Несколько недель назад они обсуждали с Джеймсом этот вечер, но из-за ее отсутствия в Лондоне она не принимала участия в подготовке этого обеда, так что домочадцам пришлось обойтись без нее.
Ее невнимание удивило Джеймса. Вернувшись в Лондон, она нашла от него письмо. В нем он напоминал ей, что она обещала выступить в роли хозяйки.
Джеймс вошел в столовую, когда она уже закончила разговор с дворецким. Барон уже был одет для обеда, словно предвидел ее раннее появление.
Шарлотта не видела его почти две недели – а столько всего случилось за эти дни! Она смотрела на Джеймса и видела в нем юношу, когда-то очарованного огненным танцем и молодой испанкой.
– Ты слишком долго отсутствовала, – сказал Джеймс, поздоровавшись. – Ты ведь была в Леклер-Парке, верно? Не думал, что посещение новорожденного племянника займет столько времени. Я уже начал думать, что ты забыла об этом обеде.

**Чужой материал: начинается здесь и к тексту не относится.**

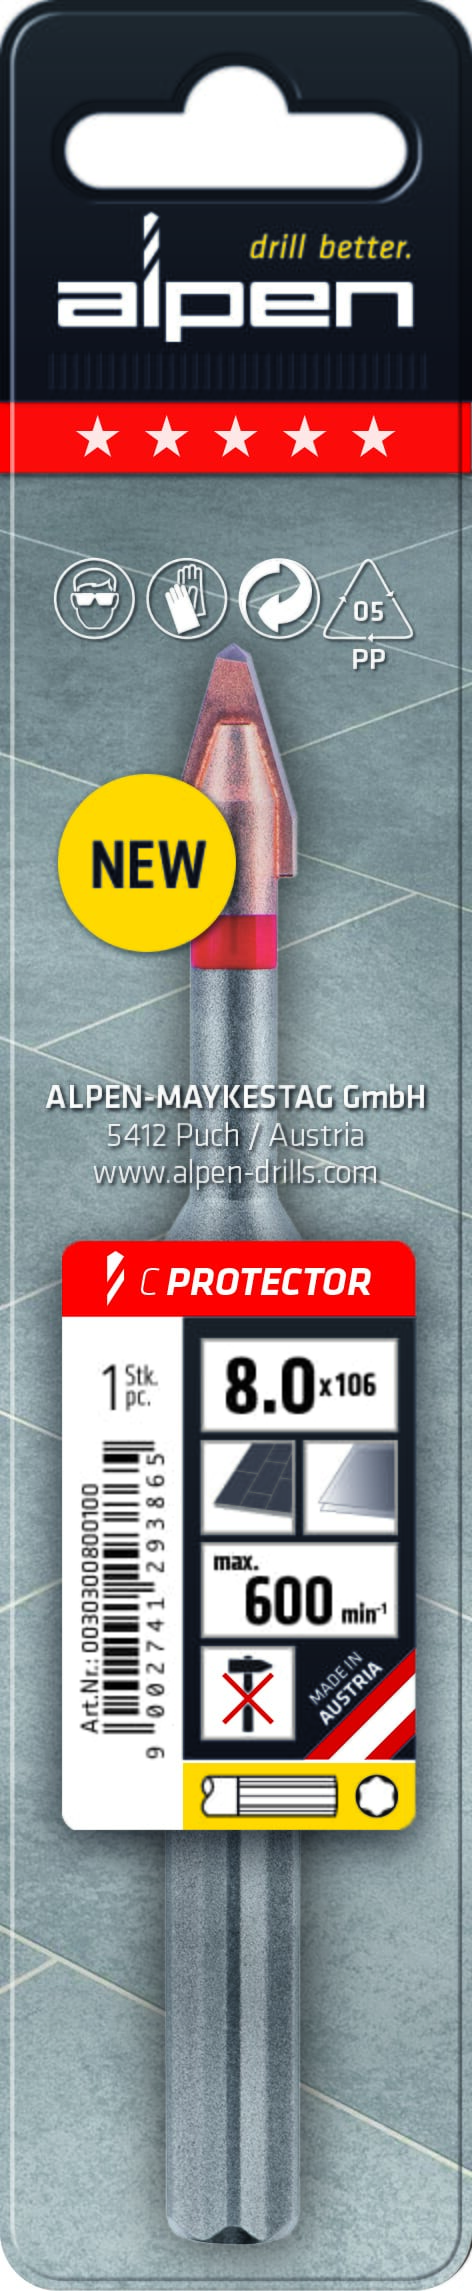 Alpen Series 303 C Protector Drill 8Mm

– Я обещала быть здесь, и вот я перед тобой. – Шарлотта поняла его раздражение. Однако это напомнило ей, что его зависимость от нее, как его хозяйки, была не столь уж приятна ей. Похоже, он считал, что она должна и сегодня вечером выступить в этой роли.
– Твоя сестра вернулась на два дня раньше тебя.
Это его замечание прозвучало в тот момент, когда Шарлотта оглядывала стол, проверяя, все ли в порядке.
– Подруга Пен уезжает в Европу, и она хотела проводить ее. А у меня были кое-какие дела в провинции, ими я и занималась.
– Ты была не в Леклер-Парке?
– Не все время. – Месяц назад она объяснила бы все, но сейчас ее от откровенности удерживала осторожность. К тому же после того, что она узнала о прошлом Джеймса, ей совершенно не хотелось с ним откровенничать.
Что же касается Натаниела, то они с ним не обсуждали свое будущее – так уж получилось. Вернувшись в Лондон, Шарлотта получила от него письмо, наполненное страстью и намекавшее на продолжение их отношений. И в письме этом не упоминались ни Дженни, ни Гарри. Интересно, почему?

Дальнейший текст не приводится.